**What is needed:**
Using the records that follow, reproduce exactly the lines starting at the line containing "Canon レンジファインダーカメラ Canon" and ending at the line containing "中国结论坛 新手玩转基础结-金刚结串珠手链 金刚,串珠,如何". Include both end lines and no pictures.

**Records for the exercise:**
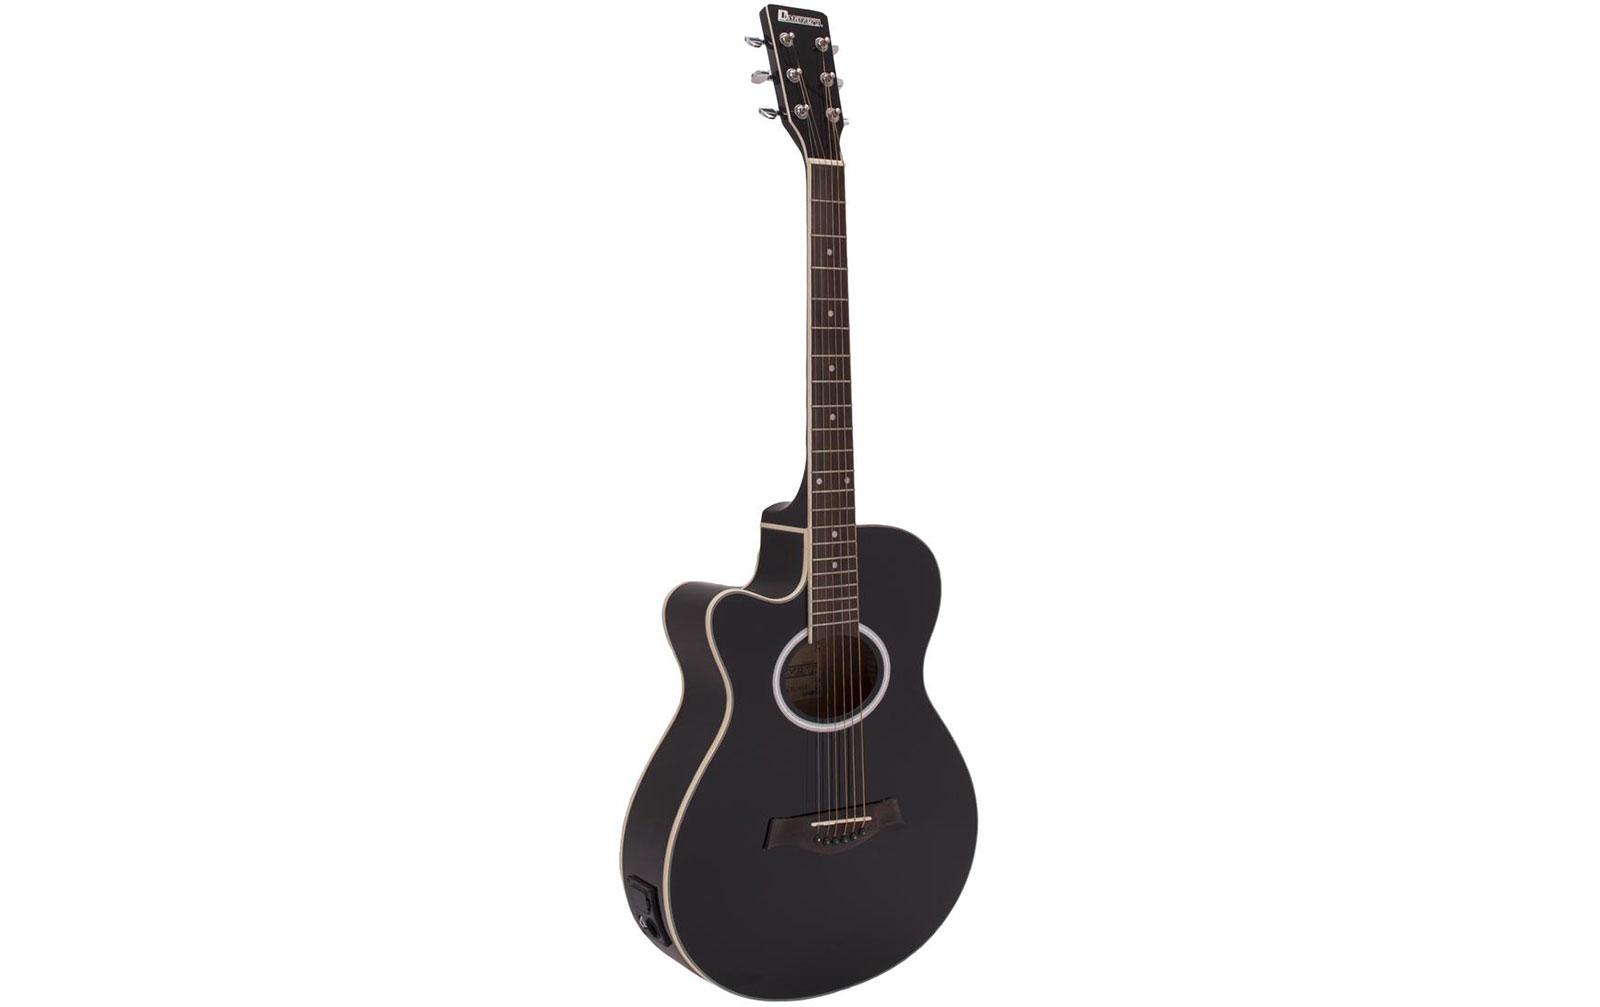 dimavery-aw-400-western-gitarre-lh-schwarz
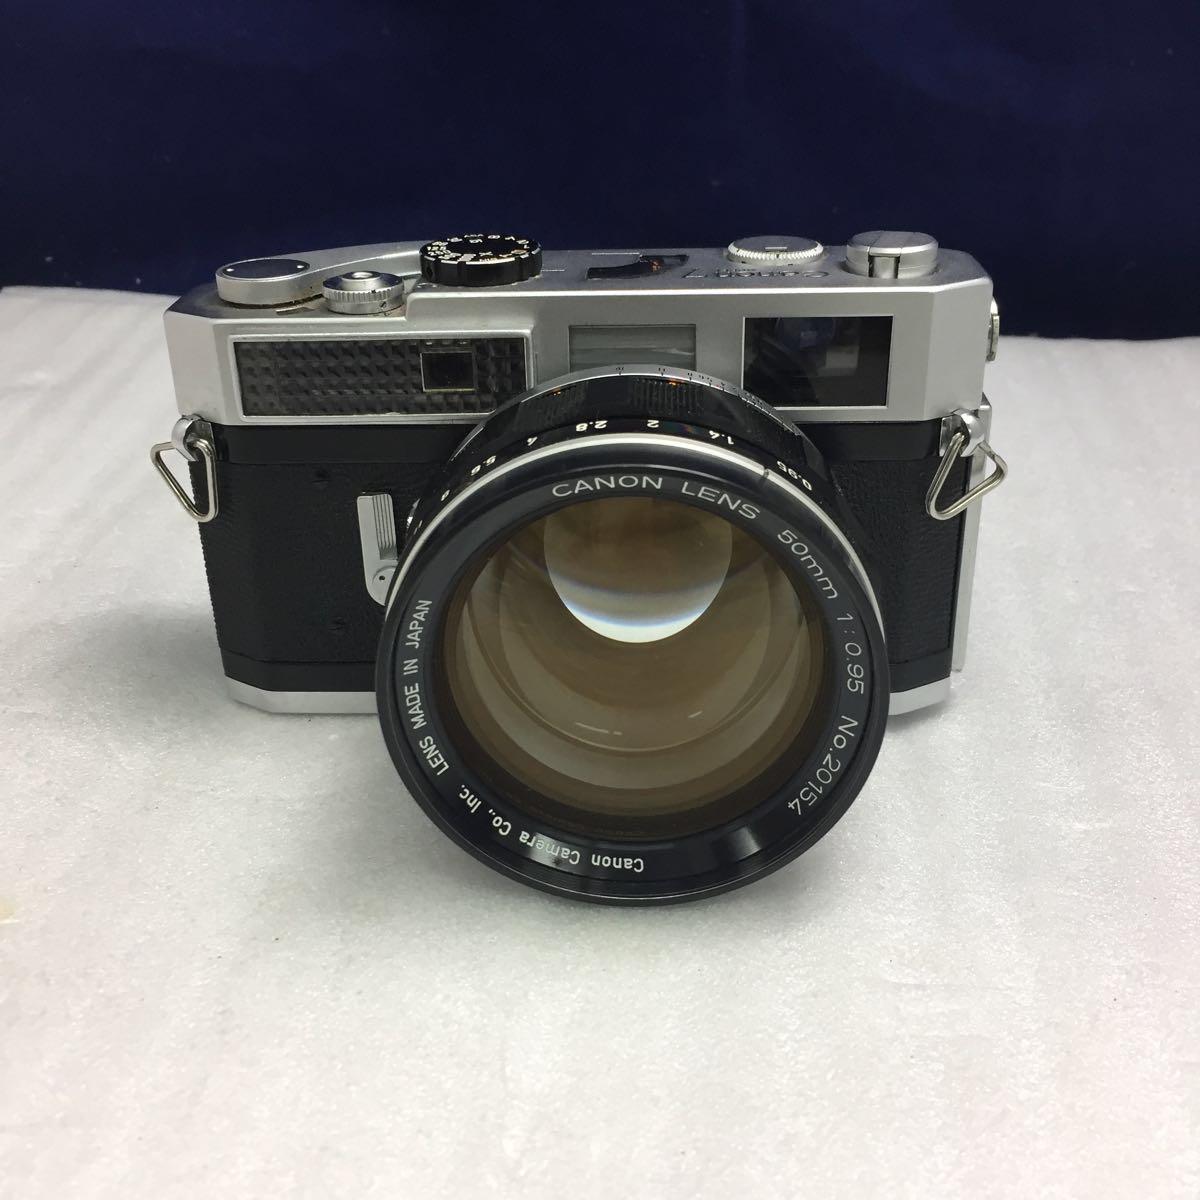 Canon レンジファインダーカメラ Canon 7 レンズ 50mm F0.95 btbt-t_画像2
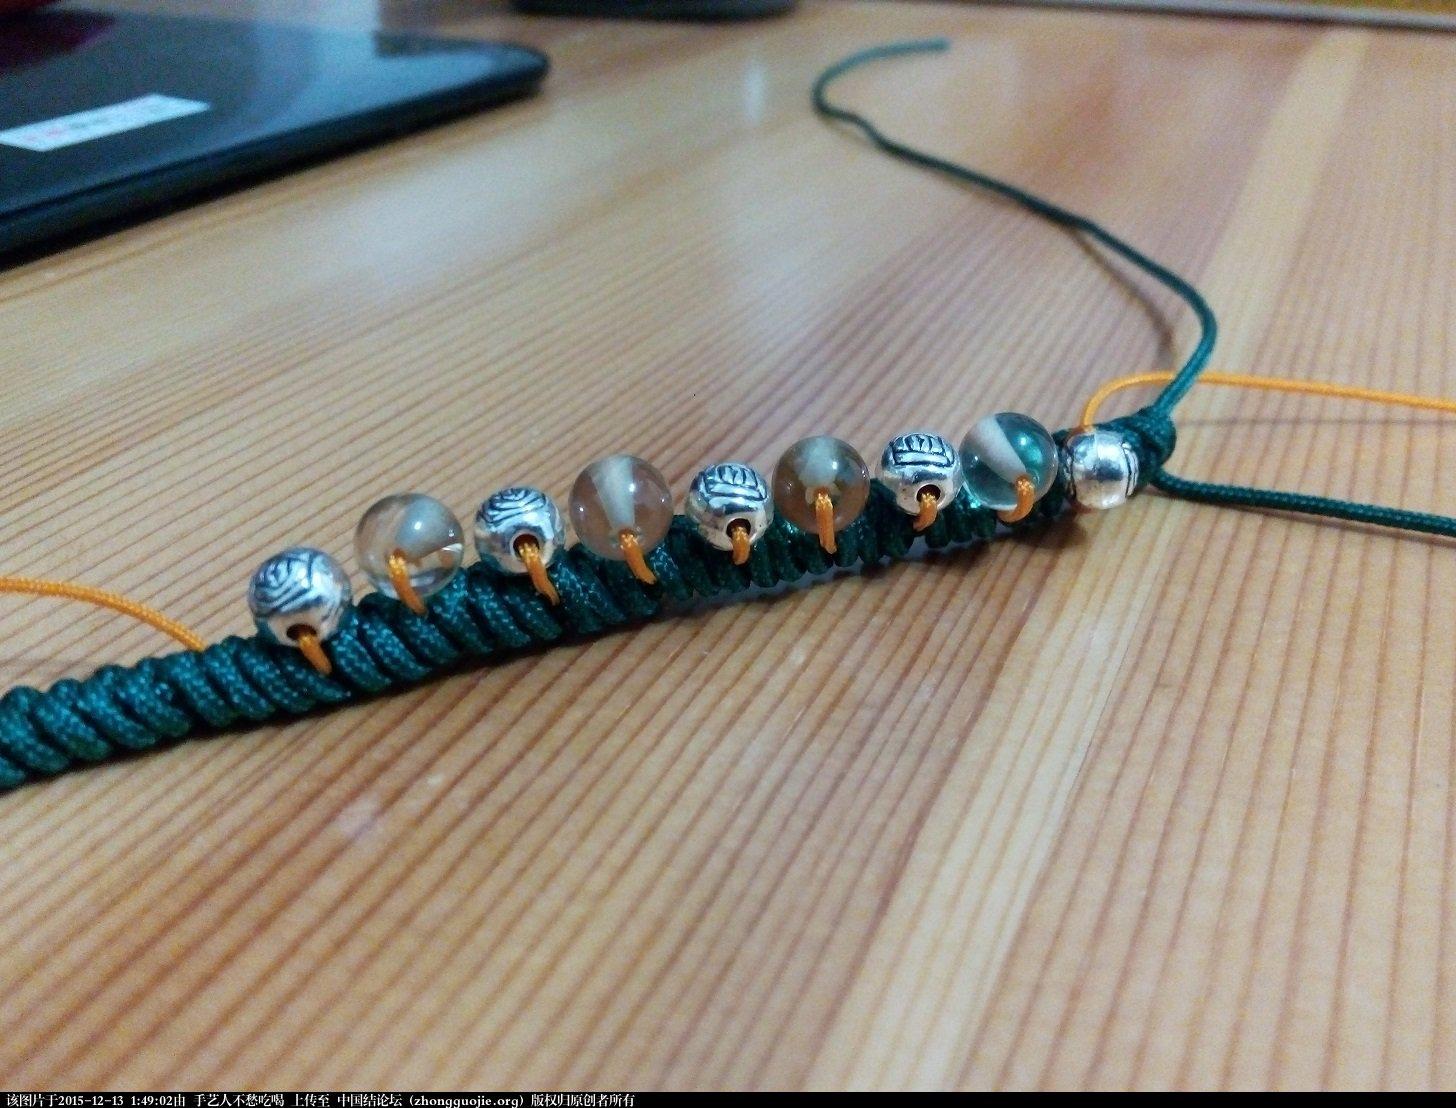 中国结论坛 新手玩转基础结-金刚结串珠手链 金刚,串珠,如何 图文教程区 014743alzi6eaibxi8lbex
--
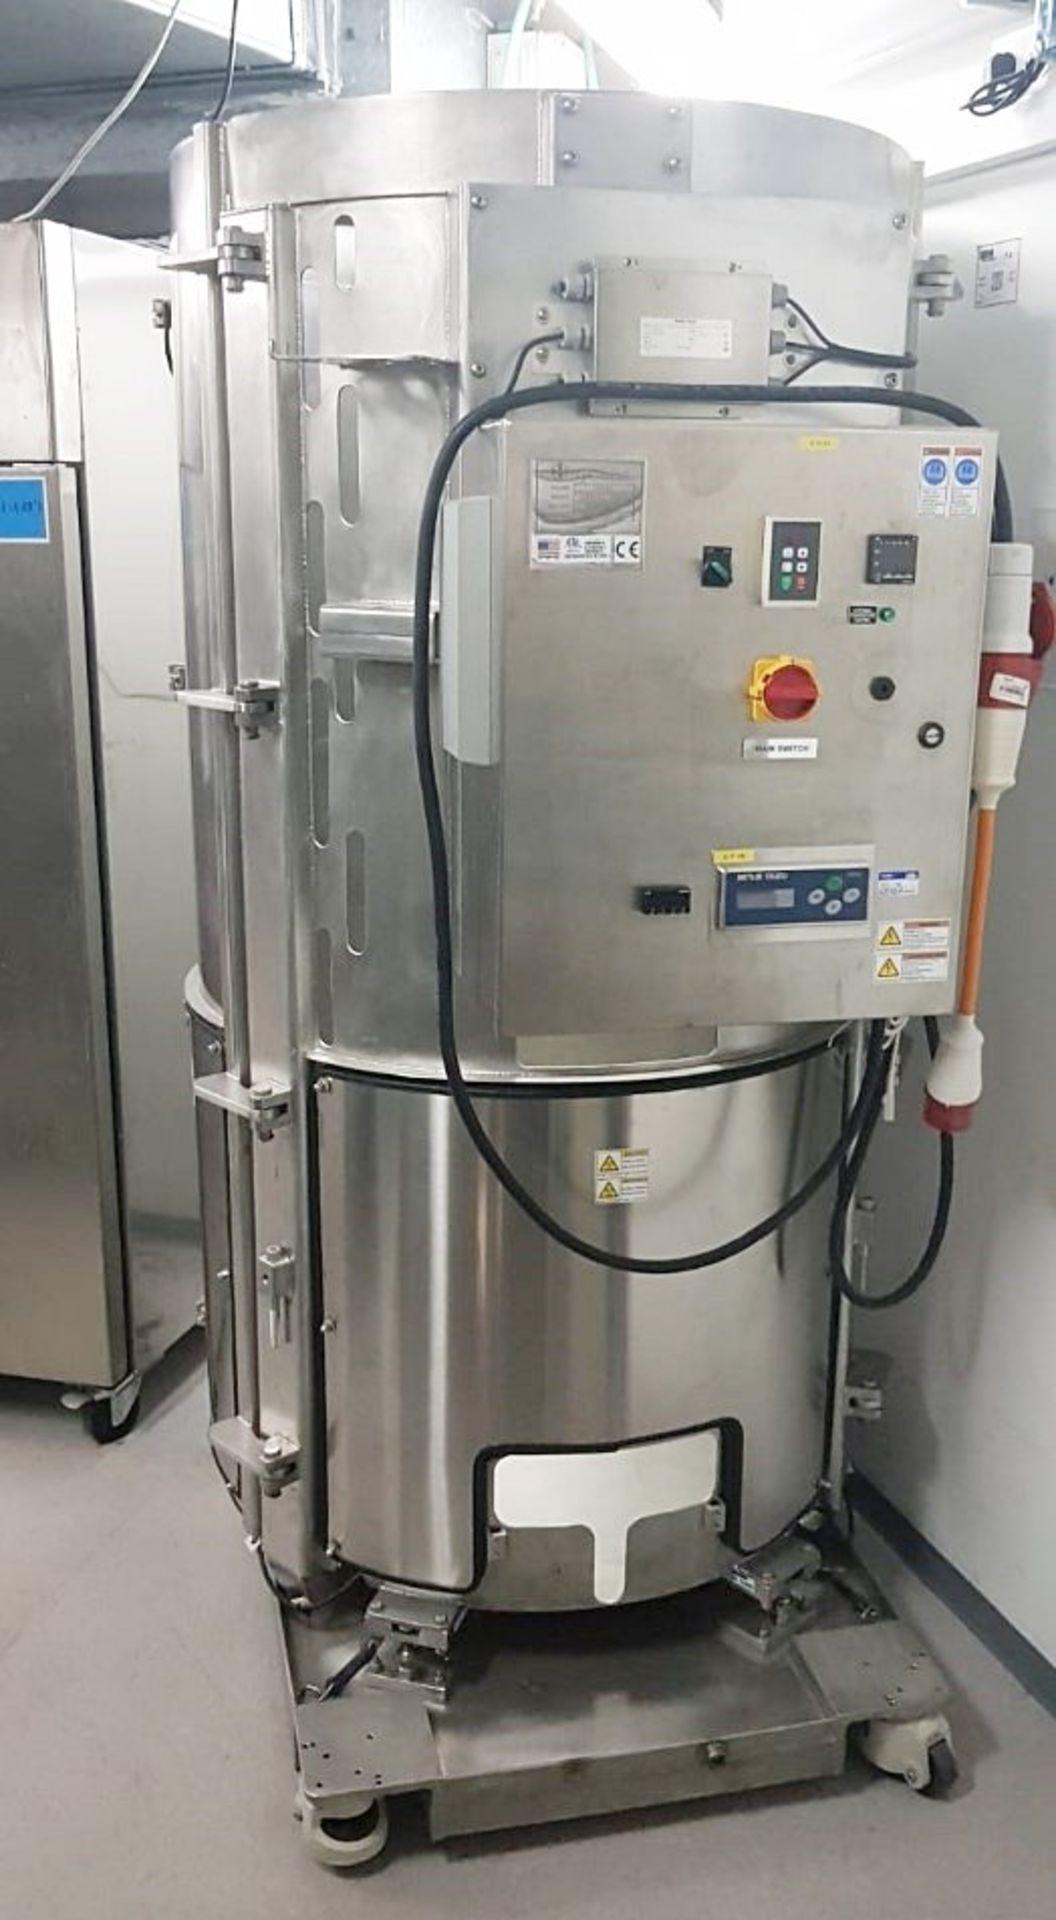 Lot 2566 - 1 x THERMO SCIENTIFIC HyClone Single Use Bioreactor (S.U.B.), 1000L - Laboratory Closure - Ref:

**The completed task:**
 Canon レンジファインダーカメラ Canon 7 レンズ 50mm F0.95 btbt-t_画像2
 中国结论坛 新手玩转基础结-金刚结串珠手链 金刚,串珠,如何 图文教程区 014743alzi6eaibxi8lbex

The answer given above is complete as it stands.